→ TASK
Write out the records once more, exactly as given.

→ DATA
--- START ---

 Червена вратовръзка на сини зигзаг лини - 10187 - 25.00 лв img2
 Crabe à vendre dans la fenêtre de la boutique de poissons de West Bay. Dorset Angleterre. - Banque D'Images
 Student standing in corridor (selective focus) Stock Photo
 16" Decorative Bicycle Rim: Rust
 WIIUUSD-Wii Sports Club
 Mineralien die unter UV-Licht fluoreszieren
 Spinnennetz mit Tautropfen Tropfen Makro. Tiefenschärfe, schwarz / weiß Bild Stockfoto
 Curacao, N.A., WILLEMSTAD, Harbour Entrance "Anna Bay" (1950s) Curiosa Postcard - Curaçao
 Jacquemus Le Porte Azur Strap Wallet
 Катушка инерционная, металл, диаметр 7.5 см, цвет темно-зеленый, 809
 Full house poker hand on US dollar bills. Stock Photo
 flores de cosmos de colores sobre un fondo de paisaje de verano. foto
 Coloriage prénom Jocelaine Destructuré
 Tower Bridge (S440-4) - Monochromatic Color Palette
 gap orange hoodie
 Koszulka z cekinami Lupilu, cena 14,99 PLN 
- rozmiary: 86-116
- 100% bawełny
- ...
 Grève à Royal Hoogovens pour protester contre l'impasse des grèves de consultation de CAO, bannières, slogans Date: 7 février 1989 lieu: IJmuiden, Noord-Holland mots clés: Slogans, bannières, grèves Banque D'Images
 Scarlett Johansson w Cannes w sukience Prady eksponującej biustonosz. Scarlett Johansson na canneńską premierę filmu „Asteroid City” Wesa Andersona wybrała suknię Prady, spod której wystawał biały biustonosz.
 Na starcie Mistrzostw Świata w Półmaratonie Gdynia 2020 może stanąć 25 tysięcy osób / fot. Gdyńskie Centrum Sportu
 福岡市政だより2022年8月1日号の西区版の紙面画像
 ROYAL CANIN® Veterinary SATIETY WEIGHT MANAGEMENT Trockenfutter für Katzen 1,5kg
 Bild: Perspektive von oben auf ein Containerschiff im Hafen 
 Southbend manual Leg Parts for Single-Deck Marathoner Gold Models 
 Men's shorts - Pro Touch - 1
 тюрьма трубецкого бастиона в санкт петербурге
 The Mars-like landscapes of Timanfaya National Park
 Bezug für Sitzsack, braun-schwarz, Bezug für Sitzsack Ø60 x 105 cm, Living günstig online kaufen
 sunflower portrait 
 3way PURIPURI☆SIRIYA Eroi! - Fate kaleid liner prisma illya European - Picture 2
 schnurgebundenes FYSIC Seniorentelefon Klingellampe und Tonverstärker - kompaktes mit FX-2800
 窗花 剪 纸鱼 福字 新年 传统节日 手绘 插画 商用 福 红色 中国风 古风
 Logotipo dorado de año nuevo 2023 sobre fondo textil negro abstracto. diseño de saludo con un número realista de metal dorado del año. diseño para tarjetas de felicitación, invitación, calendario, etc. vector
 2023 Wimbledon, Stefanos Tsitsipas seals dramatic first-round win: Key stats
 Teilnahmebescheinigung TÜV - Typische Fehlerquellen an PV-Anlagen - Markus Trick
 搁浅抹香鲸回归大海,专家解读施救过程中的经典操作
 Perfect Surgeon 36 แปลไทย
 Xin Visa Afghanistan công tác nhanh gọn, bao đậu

--- END ---

→ OUTPUT FOR THIS TASK
 Червена вратовръзка на сини зигзаг лини - 10187 - 25.00 лв img2
 Crabe à vendre dans la fenêtre de la boutique de poissons de West Bay. Dorset Angleterre. - Banque D'Images
 Student standing in corridor (selective focus) Stock Photo
 16" Decorative Bicycle Rim: Rust
 WIIUUSD-Wii Sports Club
 Mineralien die unter UV-Licht fluoreszieren
 Spinnennetz mit Tautropfen Tropfen Makro. Tiefenschärfe, schwarz / weiß Bild Stockfoto
 Curacao, N.A., WILLEMSTAD, Harbour Entrance "Anna Bay" (1950s) Curiosa Postcard - Curaçao
 Jacquemus Le Porte Azur Strap Wallet
 Катушка инерционная, металл, диаметр 7.5 см, цвет темно-зеленый, 809
 Full house poker hand on US dollar bills. Stock Photo
 flores de cosmos de colores sobre un fondo de paisaje de verano. foto
 Coloriage prénom Jocelaine Destructuré
 Tower Bridge (S440-4) - Monochromatic Color Palette
 gap orange hoodie
 Koszulka z cekinami Lupilu, cena 14,99 PLN 
- rozmiary: 86-116
- 100% bawełny
- ...
 Grève à Royal Hoogovens pour protester contre l'impasse des grèves de consultation de CAO, bannières, slogans Date: 7 février 1989 lieu: IJmuiden, Noord-Holland mots clés: Slogans, bannières, grèves Banque D'Images
 Scarlett Johansson w Cannes w sukience Prady eksponującej biustonosz. Scarlett Johansson na canneńską premierę filmu „Asteroid City” Wesa Andersona wybrała suknię Prady, spod której wystawał biały biustonosz.
 Na starcie Mistrzostw Świata w Półmaratonie Gdynia 2020 może stanąć 25 tysięcy osób / fot. Gdyńskie Centrum Sportu
 福岡市政だより2022年8月1日号の西区版の紙面画像
 ROYAL CANIN® Veterinary SATIETY WEIGHT MANAGEMENT Trockenfutter für Katzen 1,5kg
 Bild: Perspektive von oben auf ein Containerschiff im Hafen 
 Southbend manual Leg Parts for Single-Deck Marathoner Gold Models 
 Men's shorts - Pro Touch - 1
 тюрьма трубецкого бастиона в санкт петербурге
 The Mars-like landscapes of Timanfaya National Park
 Bezug für Sitzsack, braun-schwarz, Bezug für Sitzsack Ø60 x 105 cm, Living günstig online kaufen
 sunflower portrait 
 3way PURIPURI☆SIRIYA Eroi! - Fate kaleid liner prisma illya European - Picture 2
 schnurgebundenes FYSIC Seniorentelefon Klingellampe und Tonverstärker - kompaktes mit FX-2800
 窗花 剪 纸鱼 福字 新年 传统节日 手绘 插画 商用 福 红色 中国风 古风
 Logotipo dorado de año nuevo 2023 sobre fondo textil negro abstracto. diseño de saludo con un número realista de metal dorado del año. diseño para tarjetas de felicitación, invitación, calendario, etc. vector
 2023 Wimbledon, Stefanos Tsitsipas seals dramatic first-round win: Key stats
 Teilnahmebescheinigung TÜV - Typische Fehlerquellen an PV-Anlagen - Markus Trick
 搁浅抹香鲸回归大海,专家解读施救过程中的经典操作
 Perfect Surgeon 36 แปลไทย
 Xin Visa Afghanistan công tác nhanh gọn, bao đậu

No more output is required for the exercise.